Zardulu argues that “we’ve come to a point where our collective unconscious has begun to turn away from realism and rationality. Deep down, we don’t care about the truth. We want myth. We want our feelings and emotions to be represented in symbolic forms. That might be from seeing one of my fabricated news stories or it might be from a radical right-wing newscaster telling their modern myth, their fairytale.”
Zardulu cites André Breton’s surrealist theories “mixing the fantasies of the artist with reality” as an influence and found that online was a natural arena for her work: if she “blended my fantasies into reality for an unknowing audience, it would be a true ‘sur-reality’. So, I did things like put a raccoon on an alligator and photograph it in the swamp. It was published by National Geographic, seen by tens of millions of people all over the world.”
She sees herself as a modern equivalent of Hermes, the “divine trickster” of the ancient gods. “A world without tricksters is without possibility,” she says. “It is forever unchanging. It is lifeless. Duchamp was a trickster, the trickster the art world needed at the time. He possessed what I see in all tricksters—a disruptive imagination. It’s different than simply being an artist.”

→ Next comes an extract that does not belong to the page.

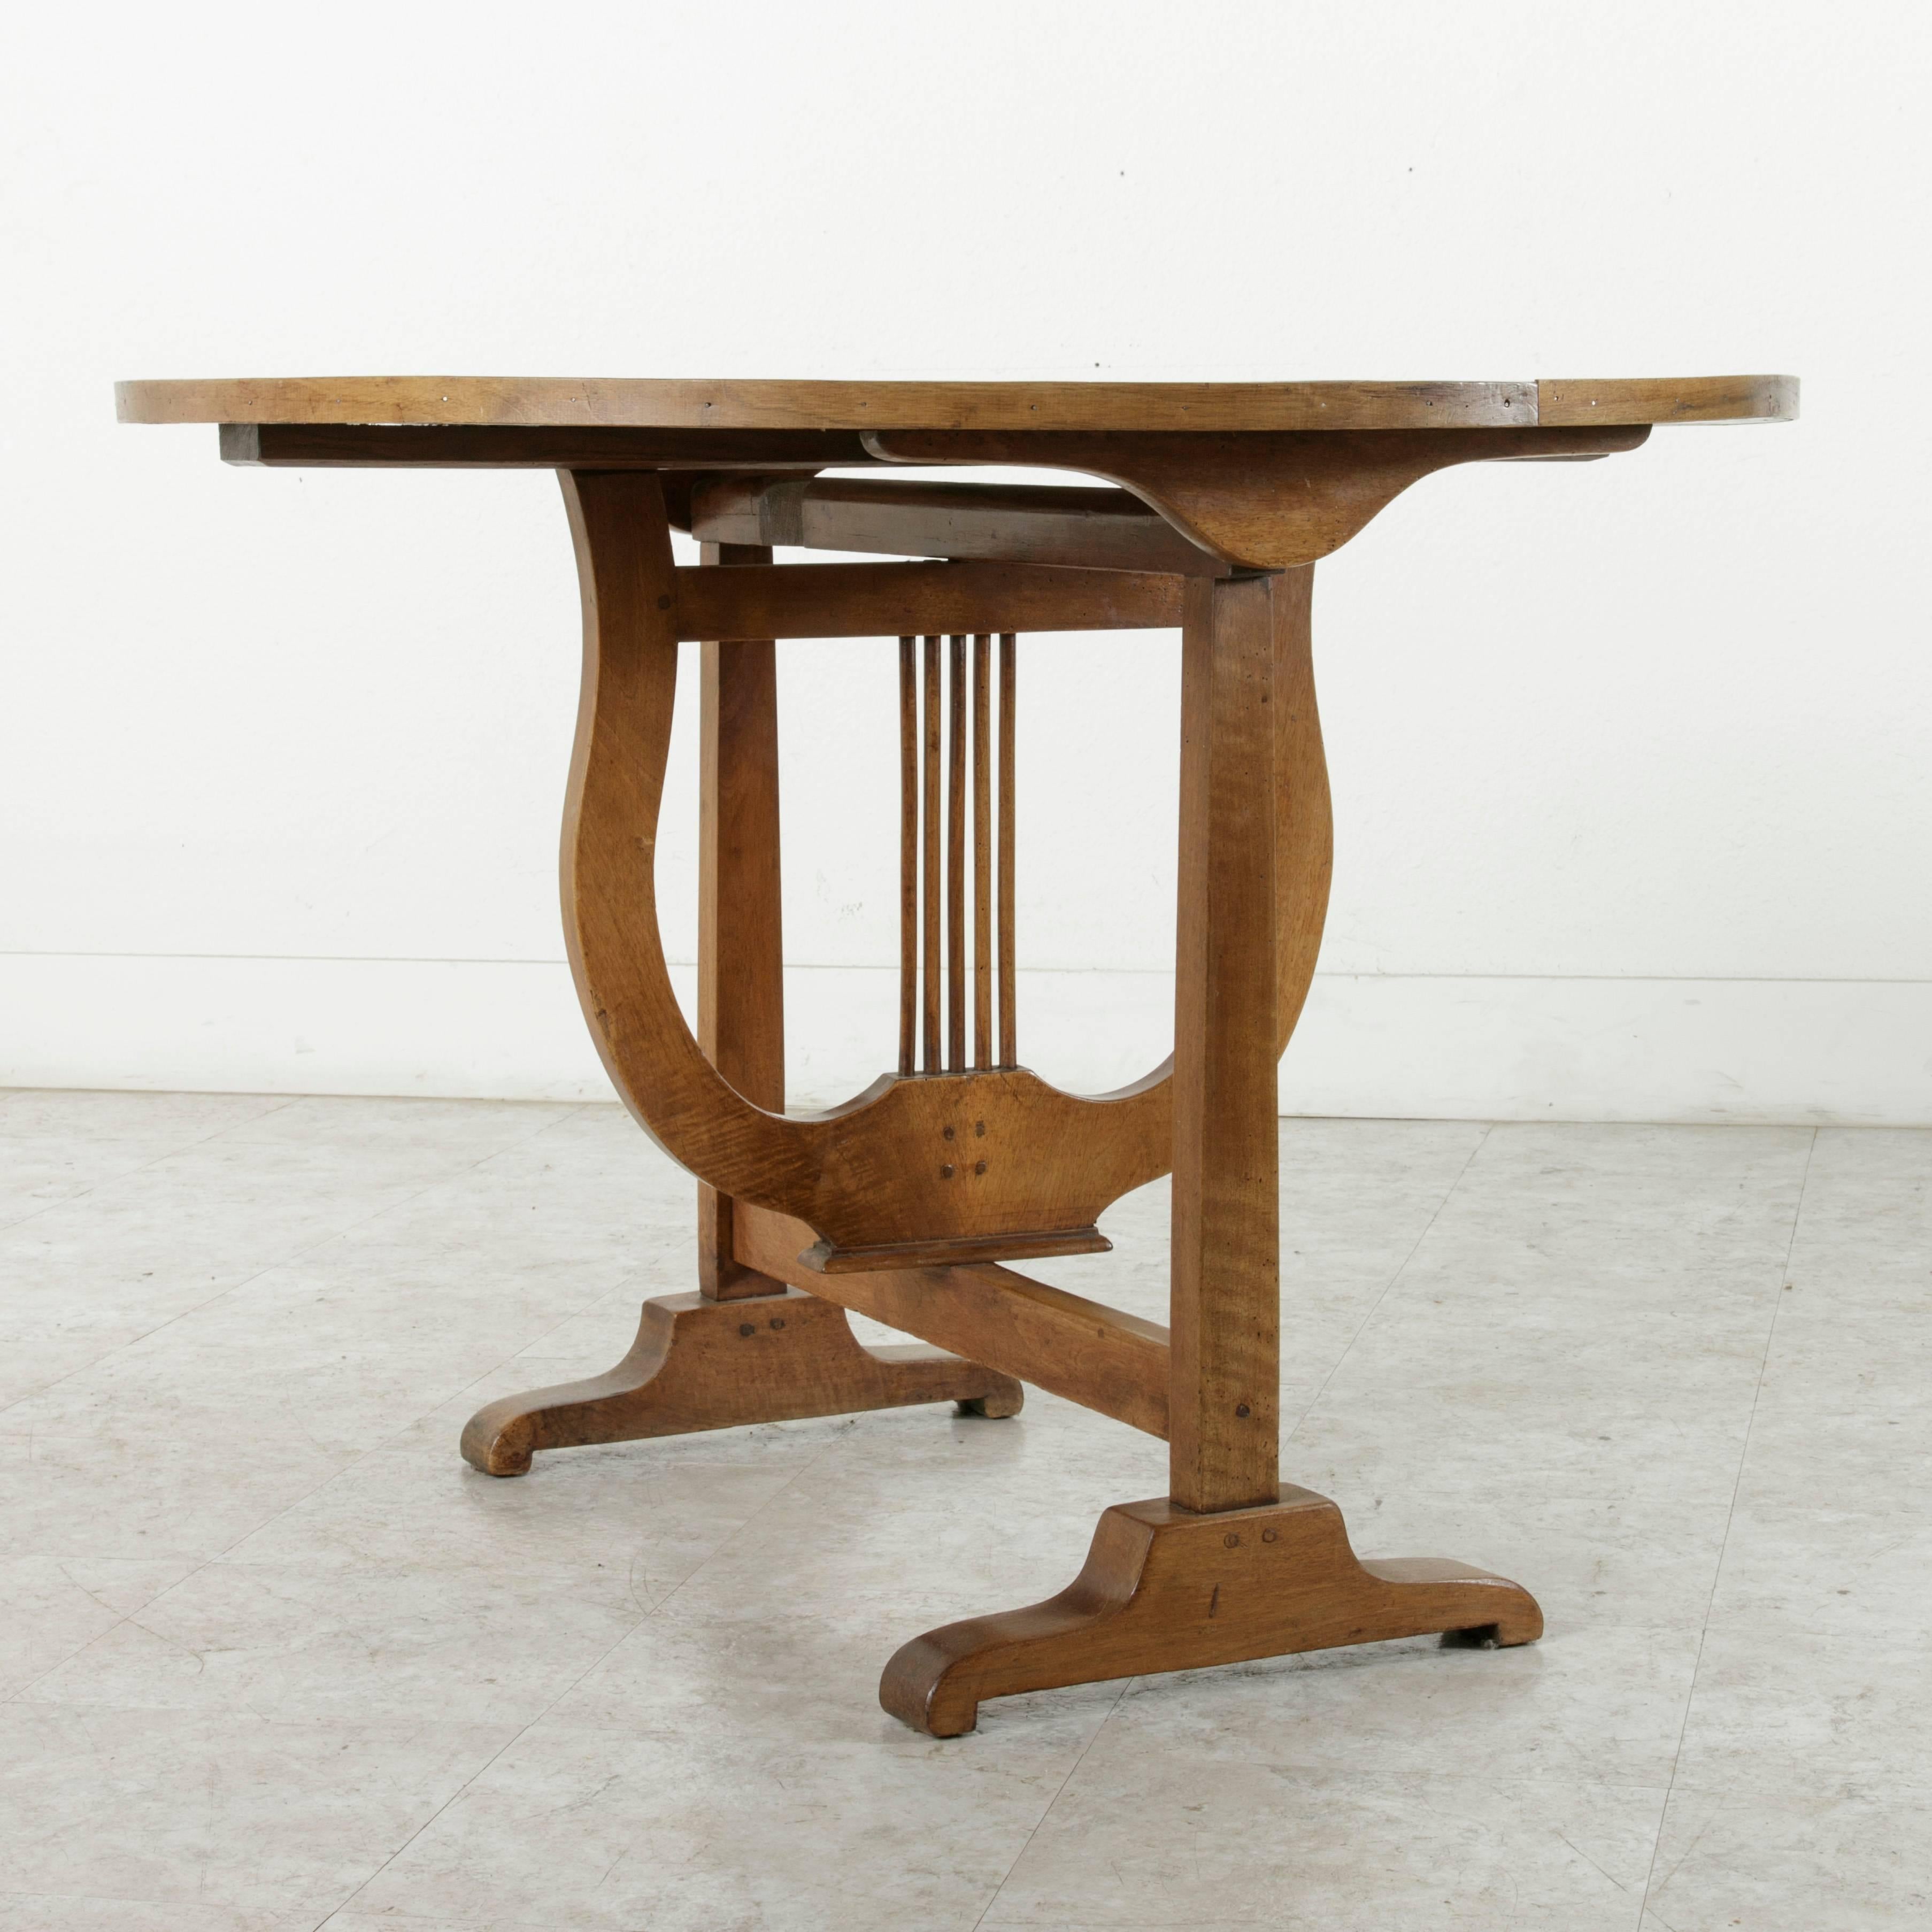 This antique vineyard table was found in Dijon, in the heart of the Burgundy region in France. Constructed of hand pegged walnut, this vineyard table features a swiveling lyre base and pine tilt-top. This piece was originally used for wine tasting

Indeed, the history of Fountain (1917), Duchamp’s upturned urinal, currently on show in London as part of Dalí/Duchamp at the Royal Academy (RA, 7 October—3 January 2018), is emblematic of Rugoff’s idea of “artifice and scepticism” being the preserve of artists. “It was a great game he was playing with official supporters of Modern art in New York, who had just founded this major exhibition called The Independents [the Society of Independent Artists],” says Dawn Ades, the curator of the RA exhibition. Duchamp was on the committee yet subverted his role by anonymously submitting the urinal, signed by R Mutt, which was rejected by other members of the committee. He resigned and, working with a team of people, orchestrated the avant-garde outrage around its rejection and its interpretation as a “new thought for the object” (see sidebar).
It was one of a series of Duchamp’s deceptions and role plays. At one point, he adopted a female alter-ego, Rrose Sélavy. “His first idea was to become Jewish, but then decided that wasn’t such a good idea, he’d become a woman instead,” Ades says. “So he invented Rose Sélavy and then he added the double R, so it was Rrose Sélavy. You pronounce it as ‘Éros, c’est la vie’—Éros, that’s life.”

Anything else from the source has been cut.